ET has also been discussed as a general mechanism of change in psychotherapy. In psychotherapy, interpersonal processes like empathy, mentalization, and the therapeutic alliance may be considered to function as ostensive cues (Csibra & Gergely, 2009; Fonagy & Allison, 2014). The importance assigned to ET seems compatible with most theories of psychotherapy (e.g., cognitive, psychoanalytic, humanistic) because it tackles a human learning process addressed in any therapeutic intervention: the capacity to learn from experience. The feeling of being understood, of finding oneself accurately represented in the mind of another, rekindles ET and thus might reestablish trust in social learning. This is of central importance for the therapy of individuals with epistemic petrification, which normally experience a sense of isolation from the social world due to communicative pathways with others being essentially severed (Fonagy et al., 2015). Over time, in a benevolent social environment, this may also generalize beyond the therapeutic setting as it enables increasingly accurate interpretation of other’s mental states (Fonagy et al., 2015; Fonagy & Allison, 2014).

Previous research

While conceptual work on ET promises to advance our understanding of developmental psychopathology and psychotherapy, there is a need for a valid instrument that assesses ET in adolescents and adults and therewith provides an empirical validation for this clinical theory. In devising our ET instrument we have drawn from previous experimental work carried on young children (Corriveau & Harris, 2009; Egyed et al., 2013). In the following paragraphs we describe these earlier studies and then present how we developed our instrument to study ET in adults. Egyed in his experiment (Egyed et al., 2013) sets out to study the mechanism of ET in toddlers. In Egyed’s experiment n=48 toddlers aged 18 months were seated across a table with an experimenter. On the table in between the toddler and the experimenter were placed two objects, one blue object to the right and one orange object to the left. In the first condition, the experimenter first smiled at the blue object and then looked disgusted towards the orange object. The experimenter then left the room and a second person entered and asked the toddler to hand her one of the objects. In 31% of the cases, the toddler handed the object preferred by the experimenter. In contrast, in the second condition, where the experimenter established ostensive contact with the toddler by smiling and eyecontact, the toddler handed the second person the object preferred by the experimenter in 69% of the cases. It can be assumed that the toddler generalized the information regarding the preference beyond the dyadic interaction.
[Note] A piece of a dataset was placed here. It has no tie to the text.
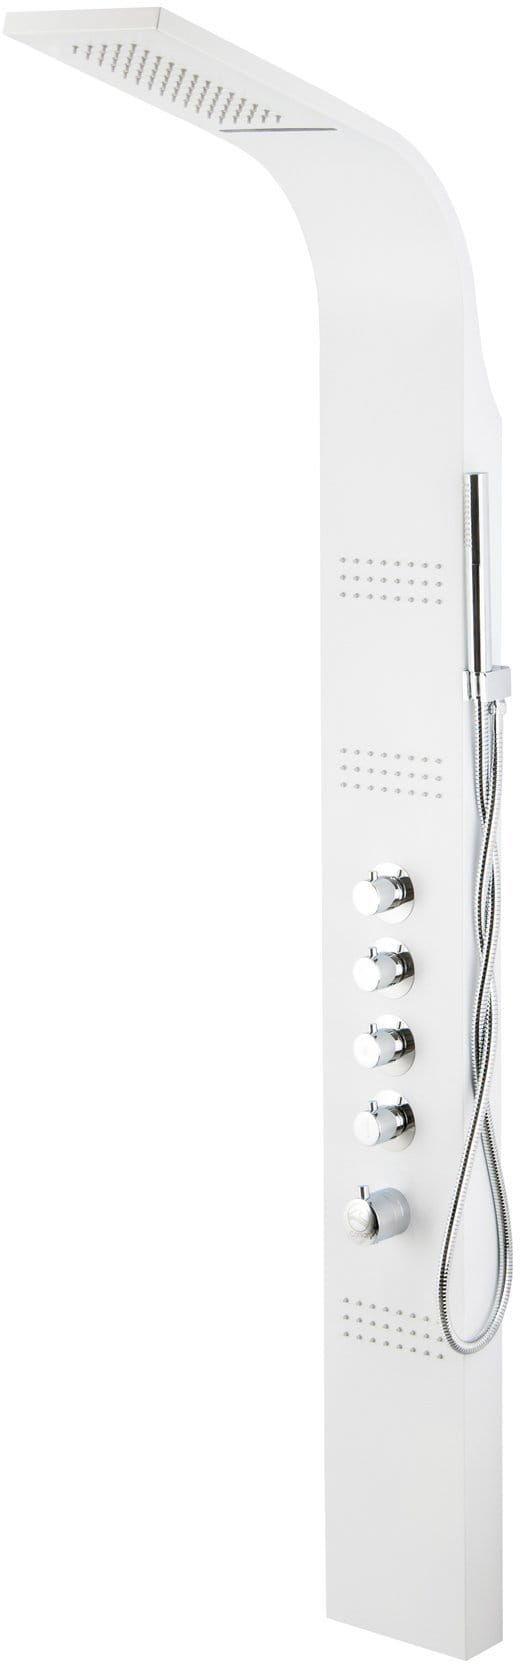 Corsan Kaskada panel prysznicowy z mieszaczem biały A-014AM KASKADA BIEL

The experiment by Corriveau and Harris (2009) with 147 young children at the age of four to five years works similarly. The children were presented with pictures of fantasy animals and had to choose one of two labels for the animals, one provided by the child’s mother, the other by a stranger. The fantasy animals were either completely unfamiliar or hybrid animals that were made up of two different animals in proportions of 50/50 or 75/25. With the unfamiliar animals and the 50/50 ones, the mother and the stranger supplied different, yet fitting labels. For the 75/25 animals, the mother labeled the part of the animal that corresponded to the 25% part while the stranger supplied the label that corresponded to the 75% part. In this experiment, epistemic vigilance would correspond to the children choosing the label supplied from the mother for the unfamiliar and 50/50 conditions, and the label of the stranger for the 75/25 condition.

Both experiments assess ET by measuring how new information is processed by the child. For the information to actually be processed by ET, the information has to be relevant Sperber et al. (2010). Gilbert et al. were able to show that information that has no specific relevance to the subject is automatically accepted as truthful, but is not internalized (Gilbert, Krull, & Malone, 1990; Gilbert, Tafarodi, & Malone, 1993). Non-salient information is not relevant for the self on a conscious or unconscious level, accordingly, there is no risk associated in accepting it, as the information is not considered relevant at any point in the future. At the same time, while keeping the processing cost at a bare minimum, it might be evolutionary optimal to accept non-relevant information as true if it was not merely uttered but asserted, as assuming the information was false would require the individual to question the legitimacy of the assertion.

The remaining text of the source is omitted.